● **What needs to be done**: This exercise requires an exact output of the listing, images omitted.
___ Data shown ___
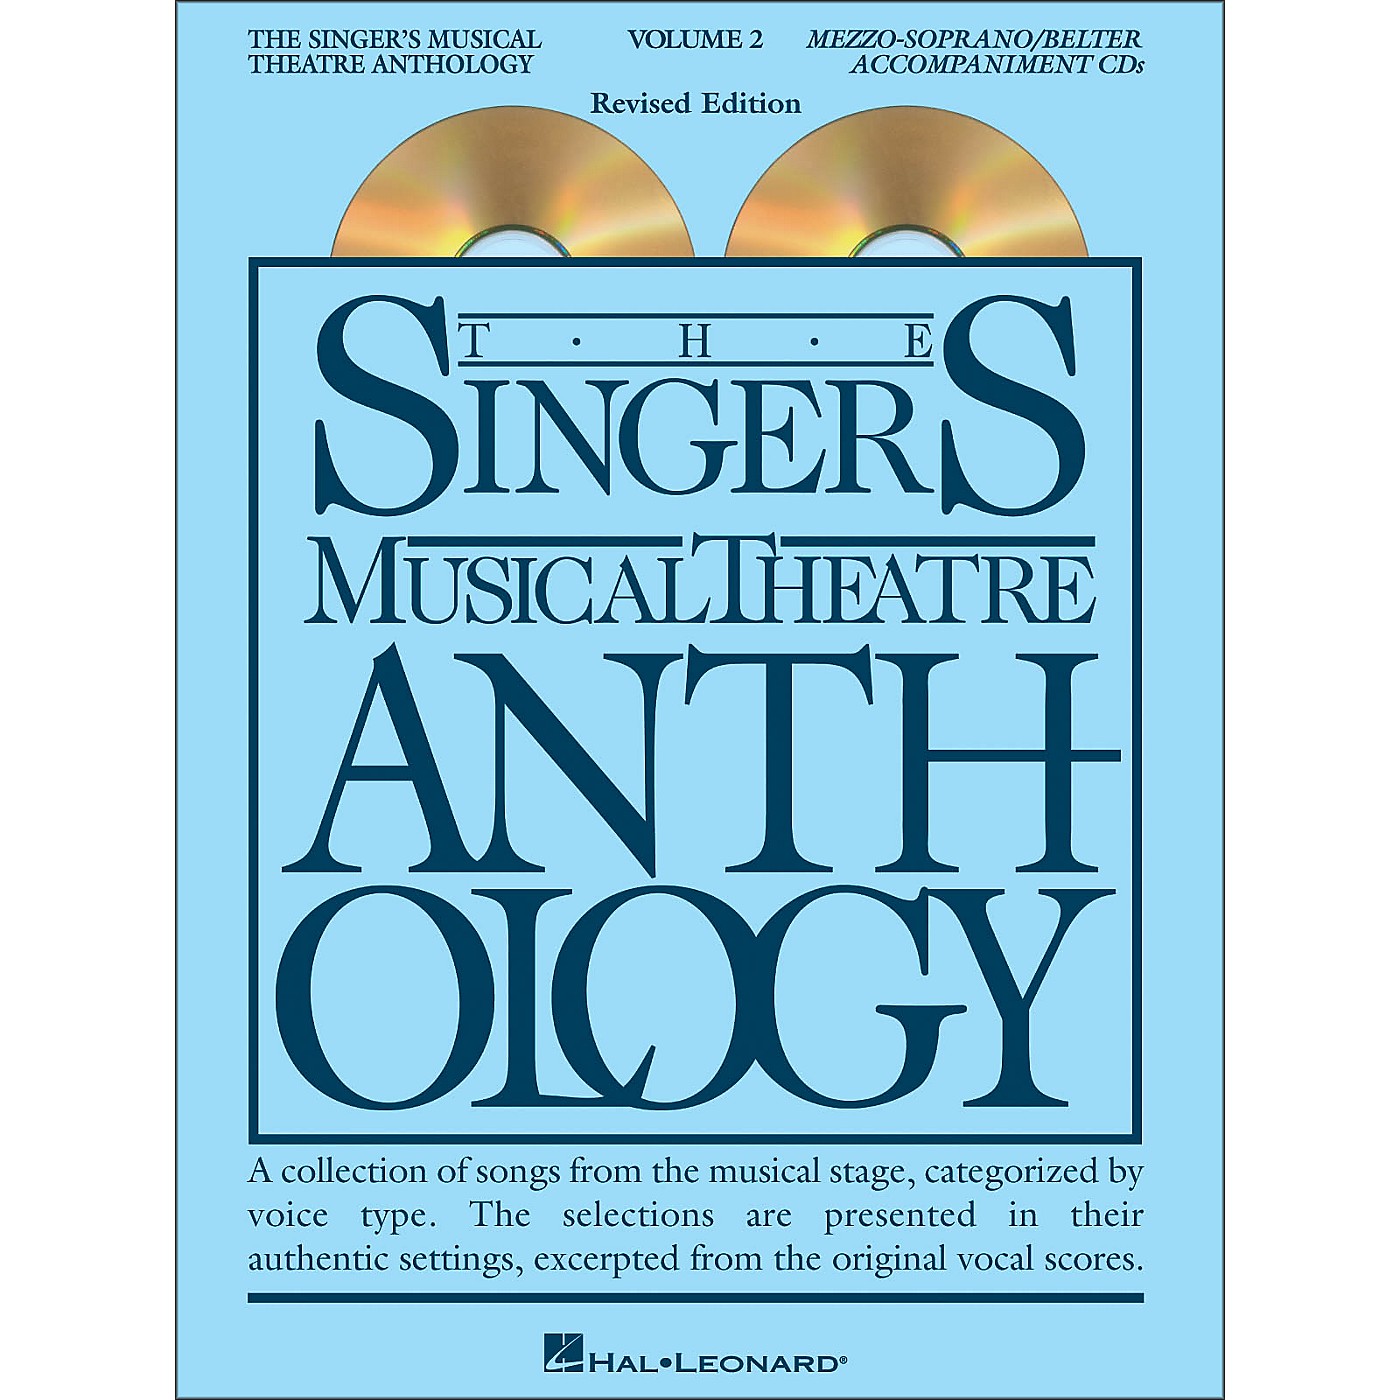 Hal Leonard Singer's Musical Theatre Anthology for Mezzo-Soprano / Belter Volume 2 2CD's Accompaniment thumbnail
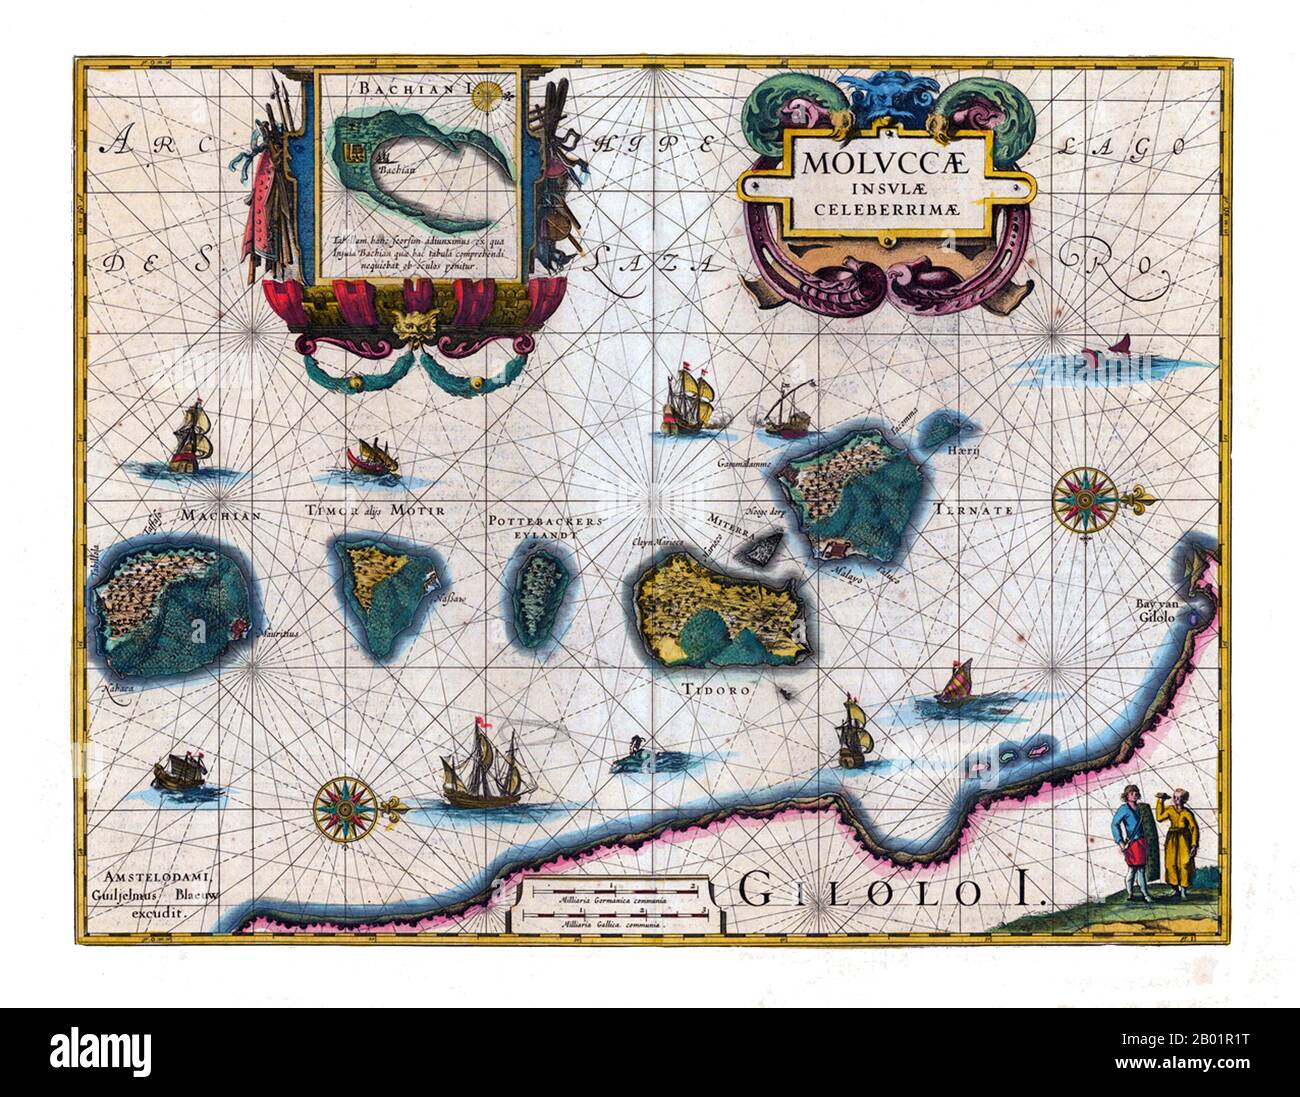 Indonesia/Paesi Bassi: Probabilmente la prima mappa pubblicata delle Isole Maluku. Incisione in rame di Jodocus Hondius (17 ottobre 1563 - 12 febbraio 1612) e trovata nell'Appendice dell'Atlante di Willem Blaeu (1571 - 21 ottobre 1638), 1630. Le Isole Maluku (note anche come Molucche, Molucche e Spice Islands) sono un arcipelago che fa parte dell'Indonesia e della più grande regione marittima del Sud-est asiatico. Tettonicamente si trovano sulla placca di Halmahera all'interno della Molucca Sea Collision zone. Geograficamente si trovano ad est di Sulawesi (Celebes) e ad ovest della nuova Guinea. Foto Stock
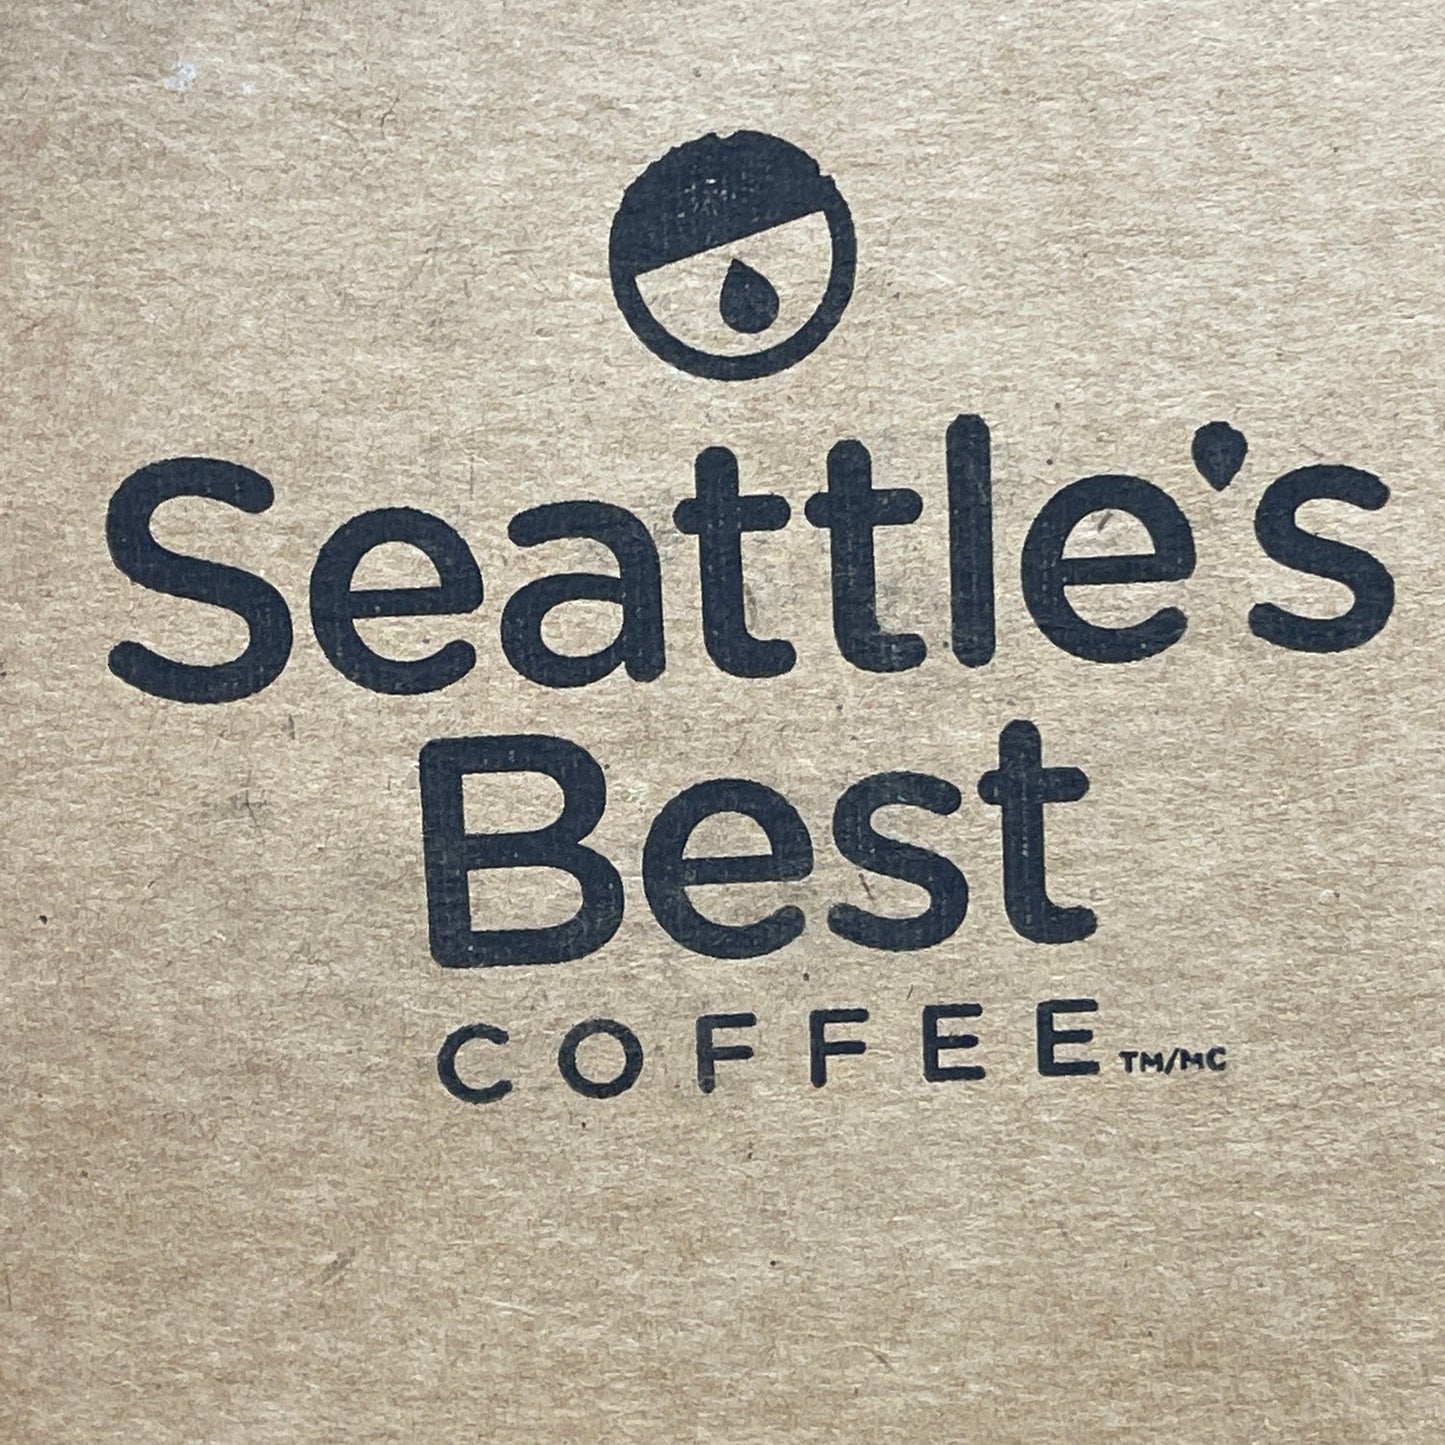 SEATTLE’S BEST COFFEE Portside Blend 6 oz pkgs 32x /case Best By: 5/23  (AS-IS) #11008562
___
● **Output for this task**:
 Hal Leonard Singer's Musical Theatre Anthology for Mezzo-Soprano / Belter Volume 2 2CD's Accompaniment thumbnail
 Indonesia/Paesi Bassi: Probabilmente la prima mappa pubblicata delle Isole Maluku. Incisione in rame di Jodocus Hondius (17 ottobre 1563 - 12 febbraio 1612) e trovata nell'Appendice dell'Atlante di Willem Blaeu (1571 - 21 ottobre 1638), 1630. Le Isole Maluku (note anche come Molucche, Molucche e Spice Islands) sono un arcipelago che fa parte dell'Indonesia e della più grande regione marittima del Sud-est asiatico. Tettonicamente si trovano sulla placca di Halmahera all'interno della Molucca Sea Collision zone. Geograficamente si trovano ad est di Sulawesi (Celebes) e ad ovest della nuova Guinea. Foto Stock
 SEATTLE’S BEST COFFEE Portside Blend 6 oz pkgs 32x /case Best By: 5/23  (AS-IS) #11008562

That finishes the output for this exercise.